The program will operate within the TGA’s existing regulatory compliance framework – actions taken in response to potential non-compliance will depend on the likely risk associated with the non-compliance. We expect that most of the activity related to the compliance program will be around working with sponsors to support compliance, especially where instances of potential non-compliance are detected. However, as RMPs are imposed as conditions of registration, sanctions and penalties to address non-compliance are available under the Therapeutic Goods Act and may be used when, for example, a sponsor failed to respond to repeated requests for information about completion of RMP commitments or has a history of non-compliance with RMP requirements.

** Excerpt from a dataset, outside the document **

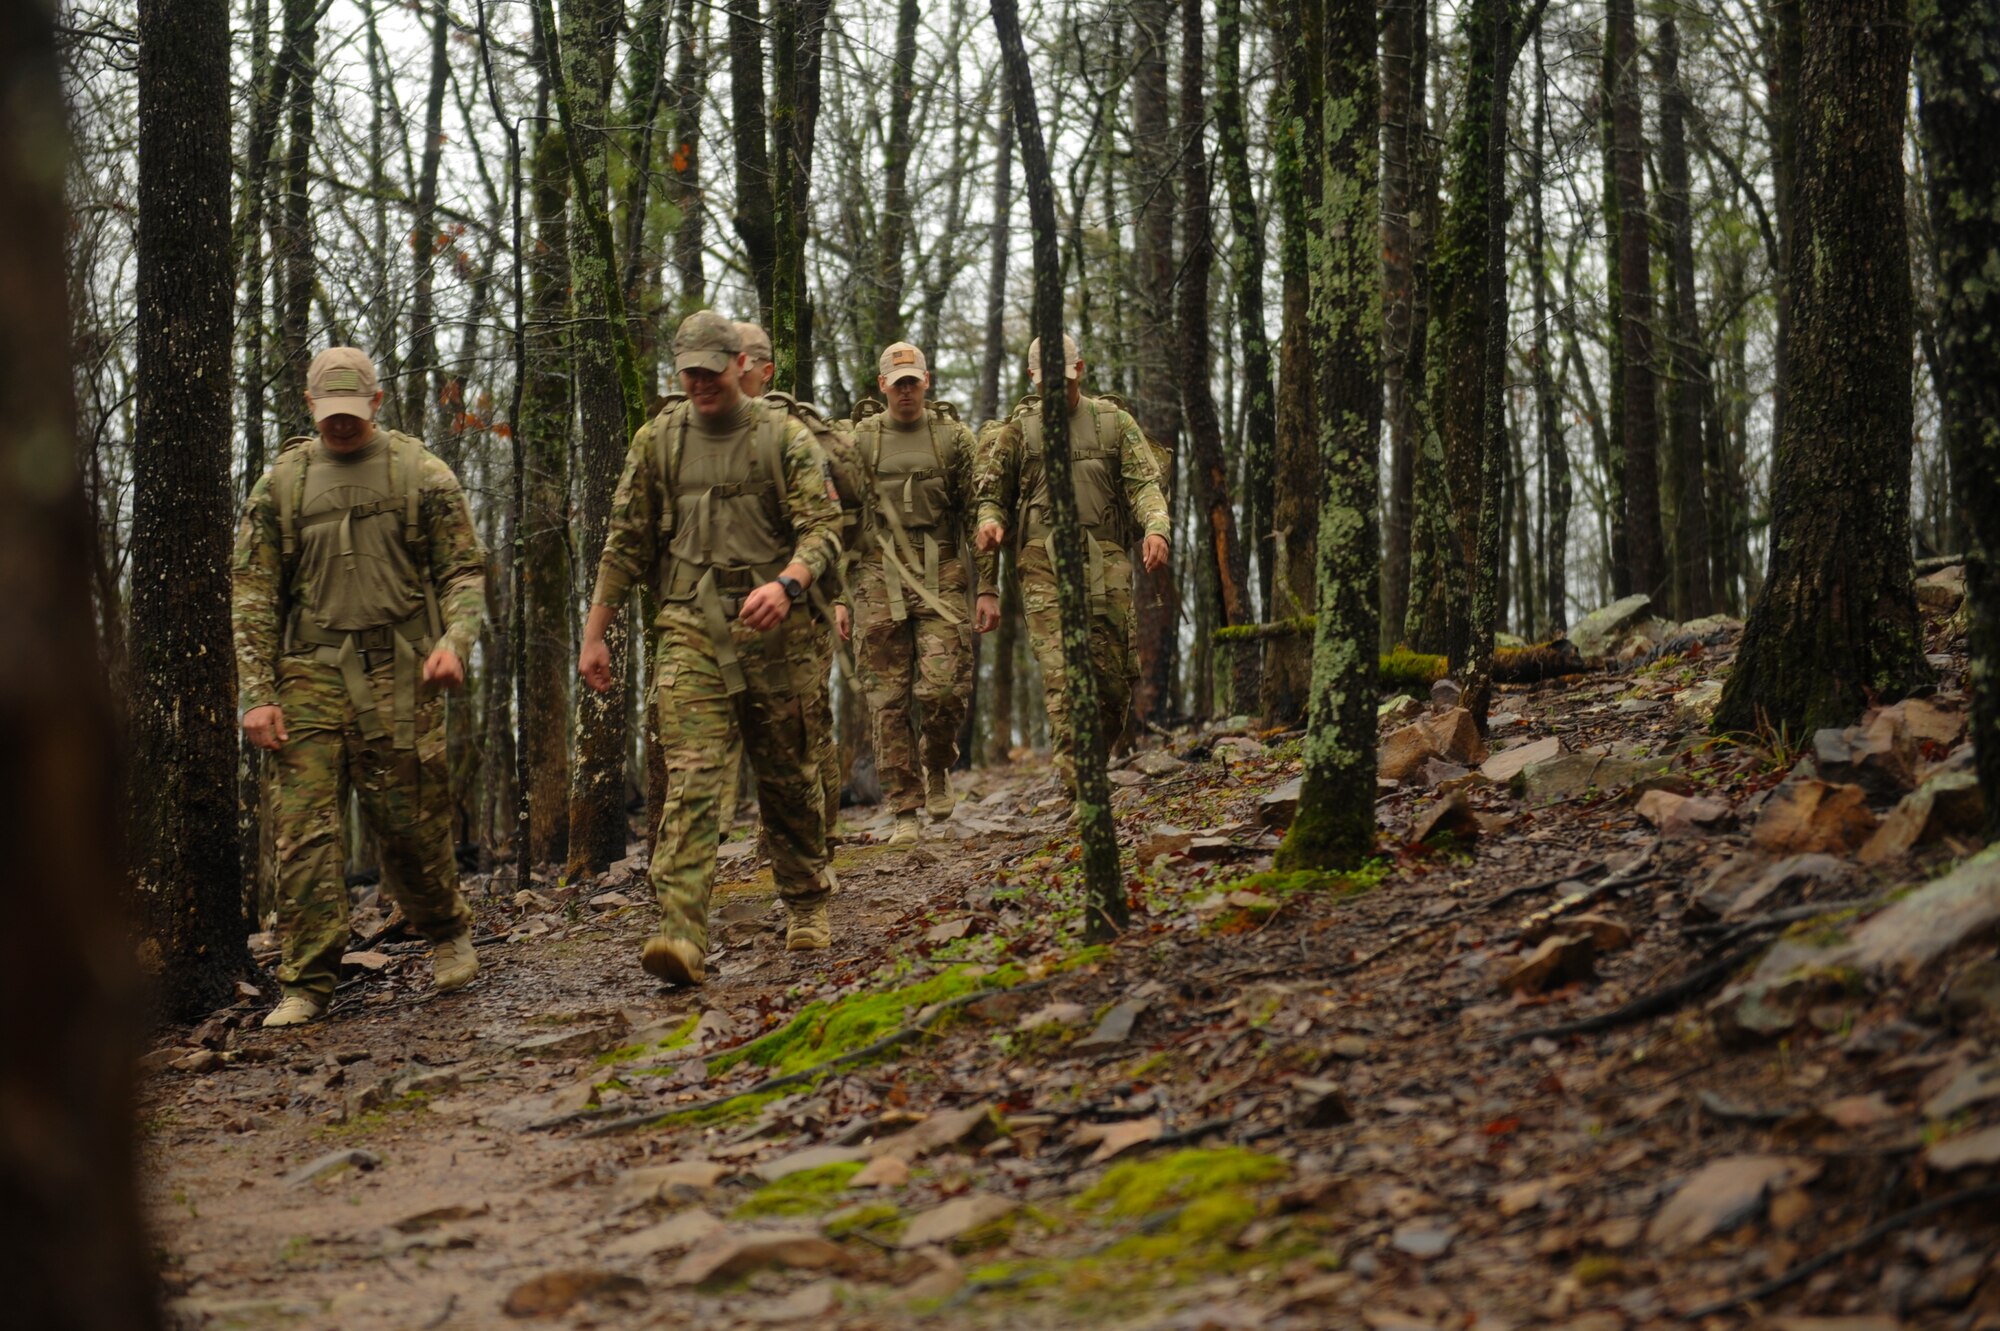 U.S. Airmen from the 19th Logistics Readiness Squadron traverse through terrain March 11, 2016, at Burns Park in North Little Rock, Ark. The team is training for the Bataan Memorial Death March, at White Sands Missile Range, N.M.; which consists of 26.2 miles of desert terrain including two miles through sand. (U.S. Air Force photo/Senior Airman Harry Brexel)

Sponsors will need to ensure that they notify us promptly if they wish to propose changes to their RMP commitments, so that their proposals can be considered and our records updated accordingly.
We are currently working on a new internal process for reviewing RMP updates to provide sponsors with predictable timeframes for responses to their proposals for RMP changes – further information about this will be included in the RMP guidance update that will be out for consultation in September.
Information about the compliance monitoring program will also be included in the guidance update that we’ll consult on in September.